Early identification of mild cognitive impairment (MCI) patients presents significant challenges due to mild symptoms and low sensitivity of the algorithms proposed for MCI identification. In this study we employed low-rank plus sparse (L+S) matrix decomposition for identifying gray matter volume differences in bilateral hippocampi between MCI patients who converted to Alzheimer’s disease within 18 months and MCI patients who did not. The L+S decomposition identifies features that are common across subjects while minimizing the influence of individual variabilities and outliers. Sensitivity and accuracy are greatly improved and voxel-wise differences that couldn’t be assessed by previous analyses are also identified.
T1-weighted MR images for this study were obtained from the Alzheimer’s disease Neuroimaging Initiative (ADNI) database (http://www.loni.ucla.edu/ADNI), and pre-processed according to their standard protocol.5 We selected the same 76 MCIc and 134 MCInc participants as in Cuingnet et al..6 Each group of subjects were split into two sets of the same size: training set and testing set. The division process preserved the age and sex distribution. Since the MCInc group had more subjects than the MCIc group, we randomly picked the same number of subjects from the MCInc training set to match the MCIc training set, and put the remainder of the subjects into the MCInc testing set to avoid class imbalance across diagnostic groups.
All MR images were spatially normalized using the DARTEL registration algorithm 7 with default parameters. The DARTEL transformations were applied to the GM tissue map, which was segmented using the SPM unified segmentation routine,8 and masked with bilateral hippocampal ROIs from the FSL Harvard-Oxford subcortical atlas.9–12 All maps were modulated to preserve the overall tissue amount. No smoothing was performed at this stage.

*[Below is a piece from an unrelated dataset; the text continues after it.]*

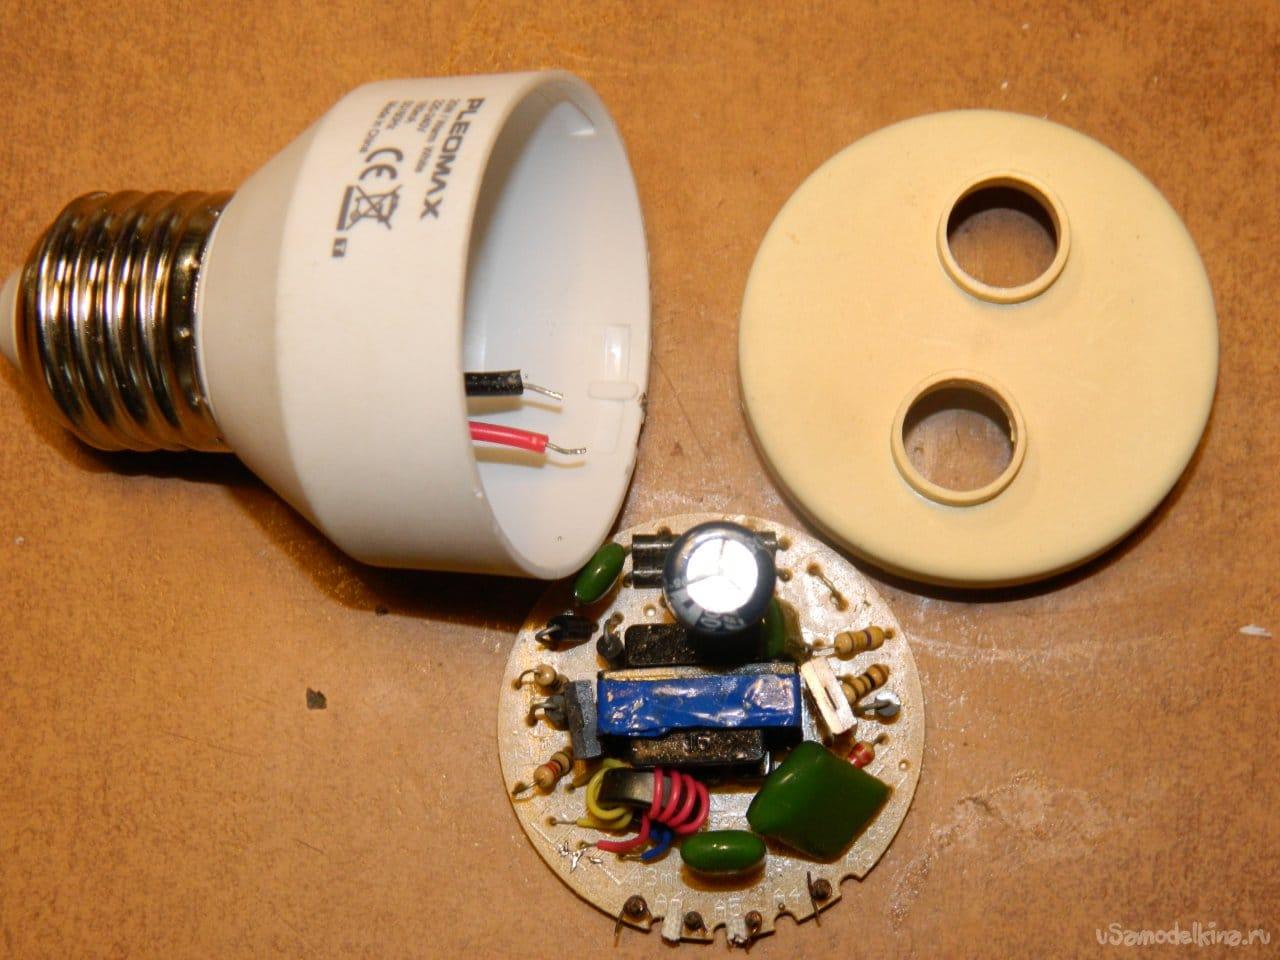 Светодиодная лампа на основе готового модуля

The warped GM maps of each group were assembled into a matrix M respectively (rows: voxels in the ROI, columns: subjects). We split each M into multiple patches with 40 rows in each matrix patch. The L+S algorithm decomposed normalized patches into a low-rank matrix L containing common components and a sparse matrix S containing individual variability and outliers. A linear kernel based support vector machine (SVM) classifier implemented by LIBLINEAR package 13 was employed to perform the group classification on the original matrix M and the low-rank matrix L separately. To find the optimal margin hyperplane 14,15 that separates the two groups, a search process was used to look for the best constrained parameter by cross-validating training sets. Performance of the SVM classifier model was evaluated with testing datasets of both groups.
For VBM statistical analysis, unsmoothed L and smoothed M (FWHM 6mm) were tested using FSL randomise.16 Age, sex and intracranial volume were included as nuisance covariates. Multiple comparisons were corrected with the Threshold-Free Cluster Enhancement (TFCE) method (p<0.005).17
L+S decomposition of
VBM GM maps provided a significant improvement in machine learning
based discrimination between MCIc and MCInc subjects. Classification
accuracy for M is 68.18%, with 67.57% sensitivity and 68.42%
specificity, while the accuracy for L is 78.78%, with 83.78%
sensitivity and 76.84% specificity. Area under the ROC curve (AUC) is
0.7021 versus 0.8495 for M and L respectively (Figure 1). The VBM
analysis showed that there are regions in left hippocampus not
significant in smoothed M but significant in L even without smoothing
(Figure 2a, orange voxels). Variance within each group is reduced
after L+S decomposition (Figure 2d), and group difference is more
obvious in L (Figure 2c, solid line) than in M (Figure 2b). Our
findings indicate that the L+S method can be employed to distinguish
MCIc and MCInc with high accuracy and high sensitivity, compared to
the classification based on original modulated GM volume maps.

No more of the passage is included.